Amazon WorkSpaces is a fully managed and persistent desktop virtualization service that enables users to access data, applications, and resources they need anywhere from any supported device. Session information is handled via HTTPs but the stream is handled via PCoIP or WSP (Workspaces Streaming Protocol. WSP uses many third party libraries in order to make the virtual PC feel like it is more physical than it really is, such as USB over Ethernet by Eltima SDK.
USB redirection is done by the Eltima SDK. The Kernel IO Manager (IOMgr) controls the flow of the information between kernel and user mode. When a user-mode request is sent via a IRP_MJ_DEVICE_CONTROL packet, the input and output data depend on the IOCTL code that is invoked. The CONTROL CODE is a 32-bit value with several fields, including the field TransferType.

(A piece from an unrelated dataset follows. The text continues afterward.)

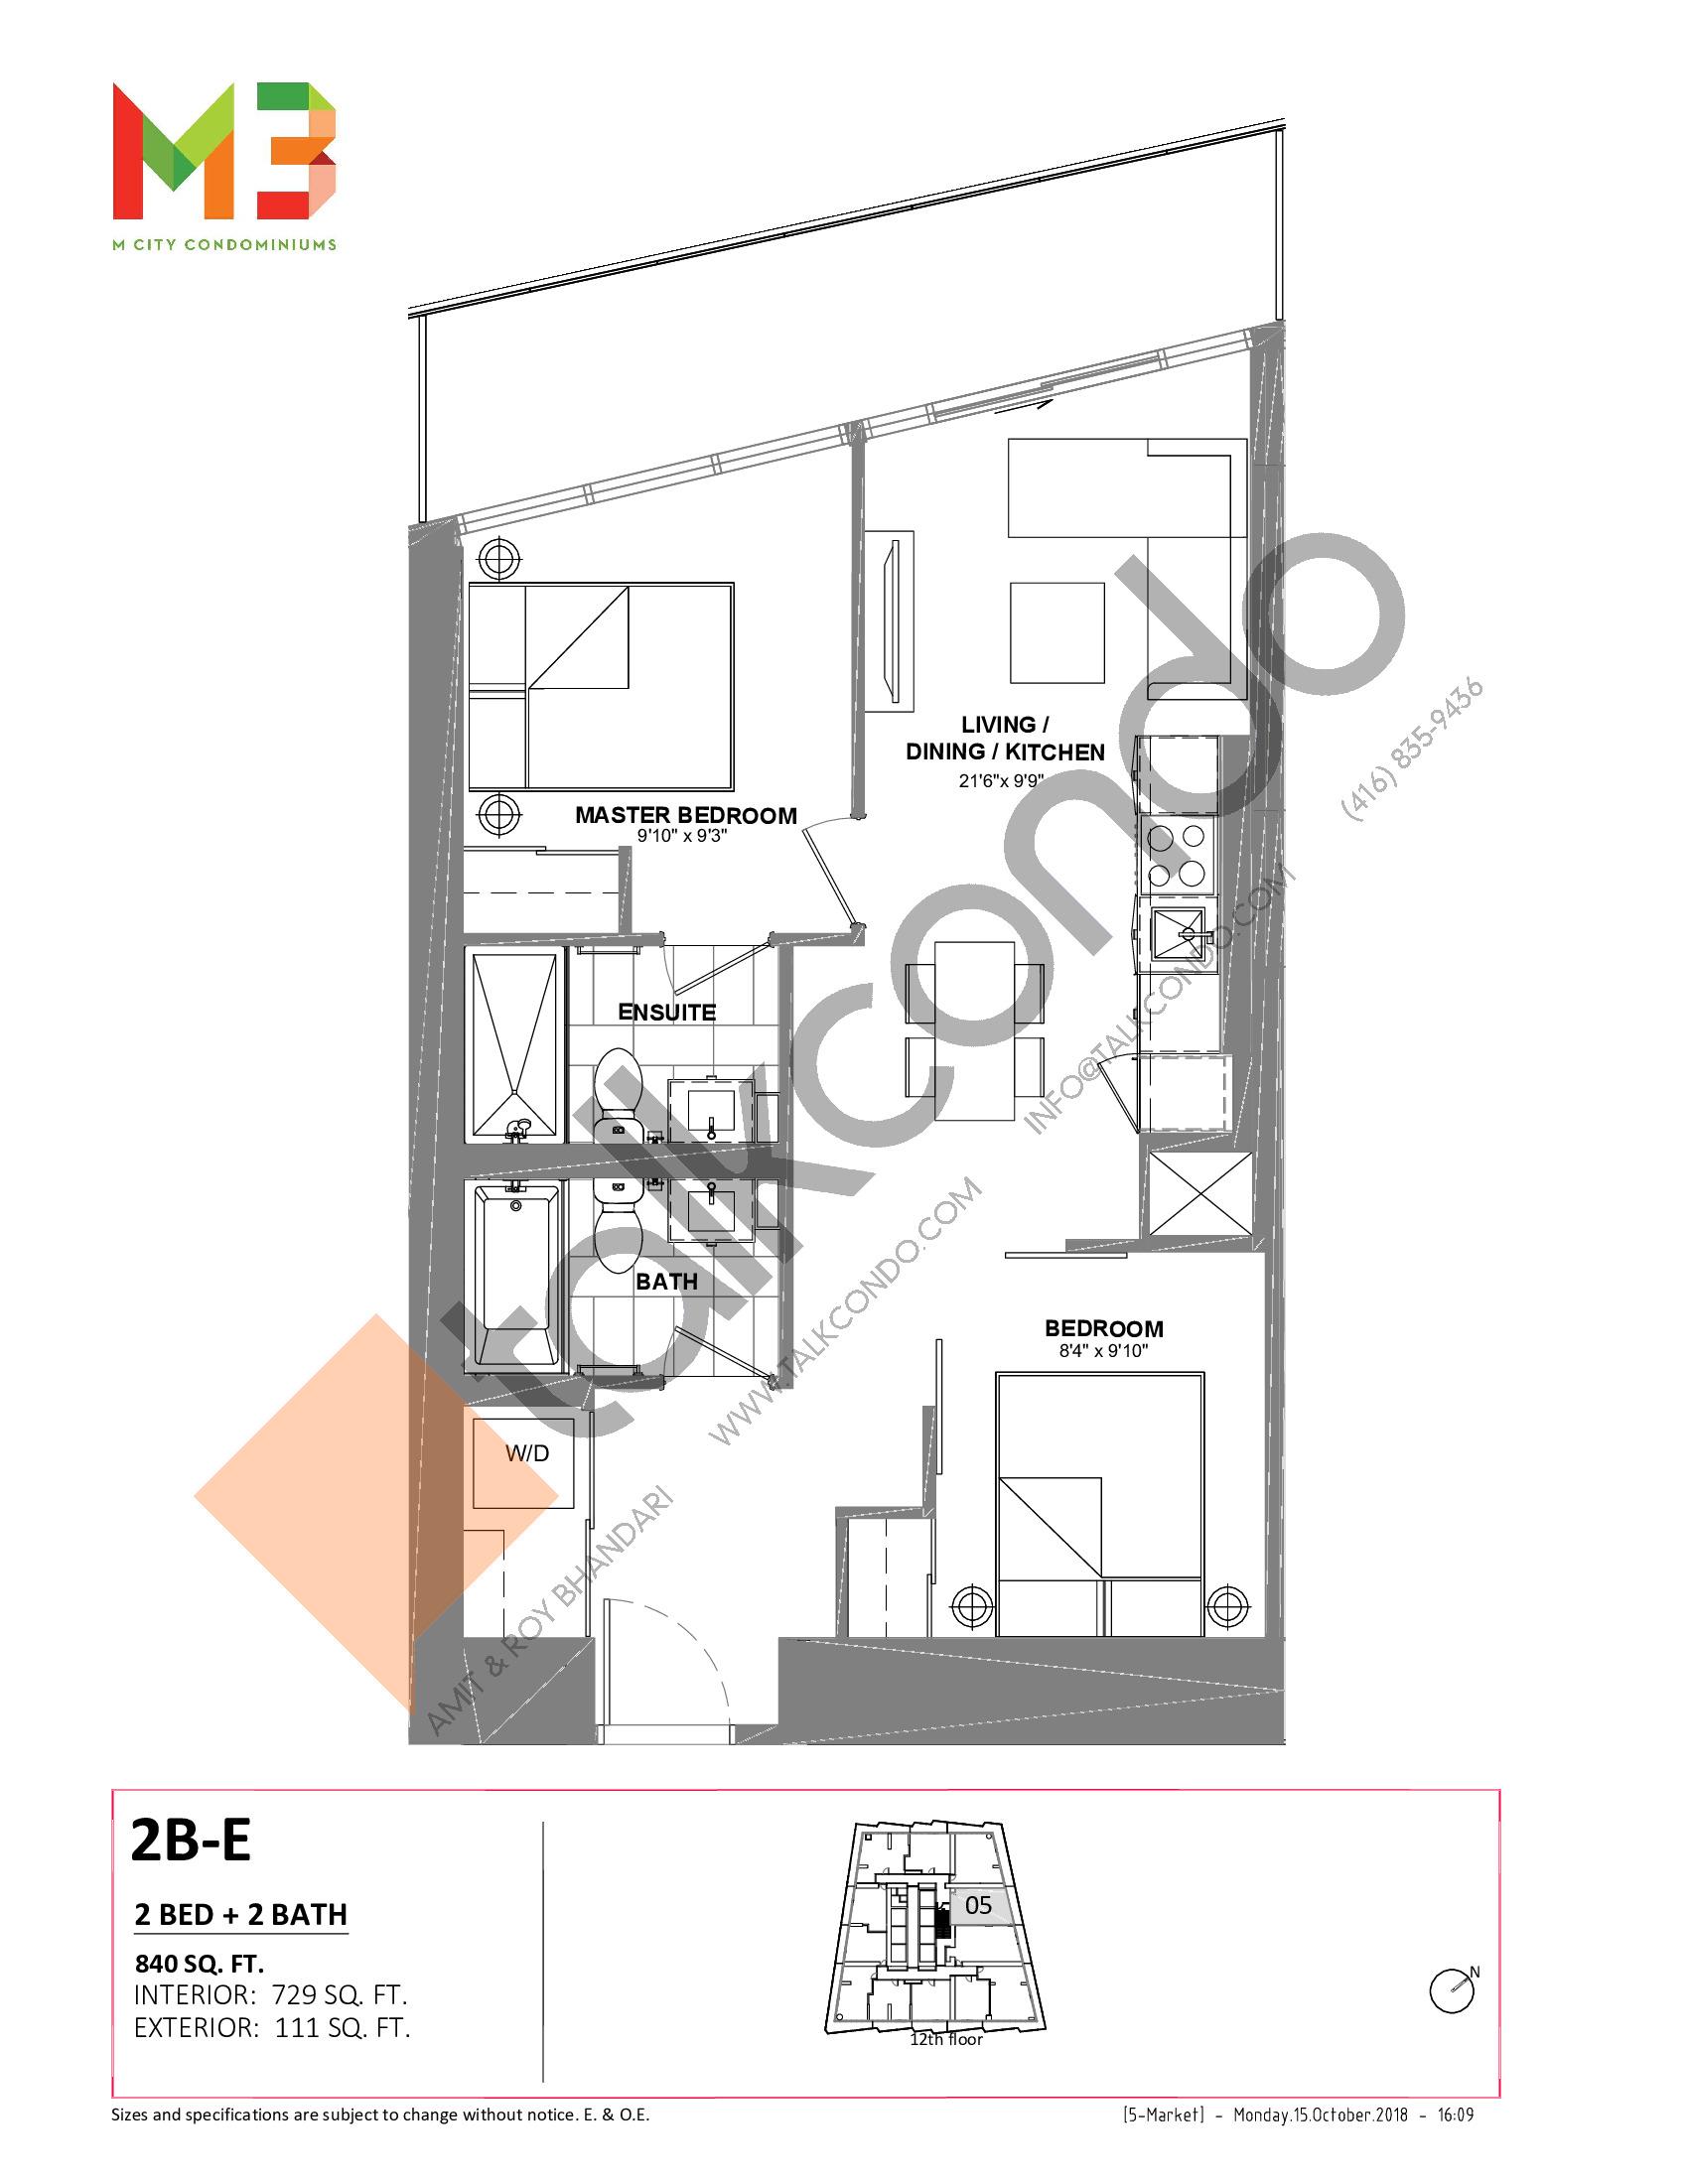 2B-E Floor Plan at M3 Condos - 729 sq.ft

This field indicates how the NtDeviceIoControlFile syscall will return data. There are three different modes for this: METHOD_BUFFERED, METHOD_IN/OUT_DIRECT and METHOD_NEITHER. The first one will copy the caller input data into the user provided buffer. The second version will supply an memory descriptor list (MDL) and ensures that our thread has access to this information. The final one takes in a user-mode address and reads/writes into this with no validation. Of course, the driver uses the insecure METHOD_NEITHER
METHOD_NEITHER by itself is NOT secure. However, the IOCTL handler is responsible for validating, probing, locking and mapping the buffer, depending on the use case. Since this is the case, double fetches, TOCTOUs, bad pointer dereferences and other vulnerabilities may be possible to exploit. Although this is not a vulnerability by itself, it is a code smell that should be checked out.
While reviewing the code handling for these IOCTLs, the author noticed that the size parameter given by the user request was blindly being trusted. Later on, this size was used with a multiplication operation which could easily be overflowed. Additionally, the copy operation was not verified to be smaller than the allocation!
The proof of concept has an allocation size and a copy size. To exploit this, they set the allocation size to be smaller than the copy operation size. Then, when a copy operation happens, a trivial buffer overflow happens with the user controlled write value. Since the data and size are both controlled, this leads to a highly exploitable vulnerability.
An additional point of concern is that the IOCTL does not have any ACL enforcement turned on. This means that the vulnerability can be triggered via several different mediums, such as the browser (if they didn't do their own filtering).
In the disclosure timeline everything seems fairly normal except the vendor that created the library. They claimed to have known about the bug but said that it was not possible to hit the code path because the feature was turned off. After a back-and-forth discussion with them, Eltima eventually pushed a new build with the vulnerabilities fixed. It's not a bug, it's a feature!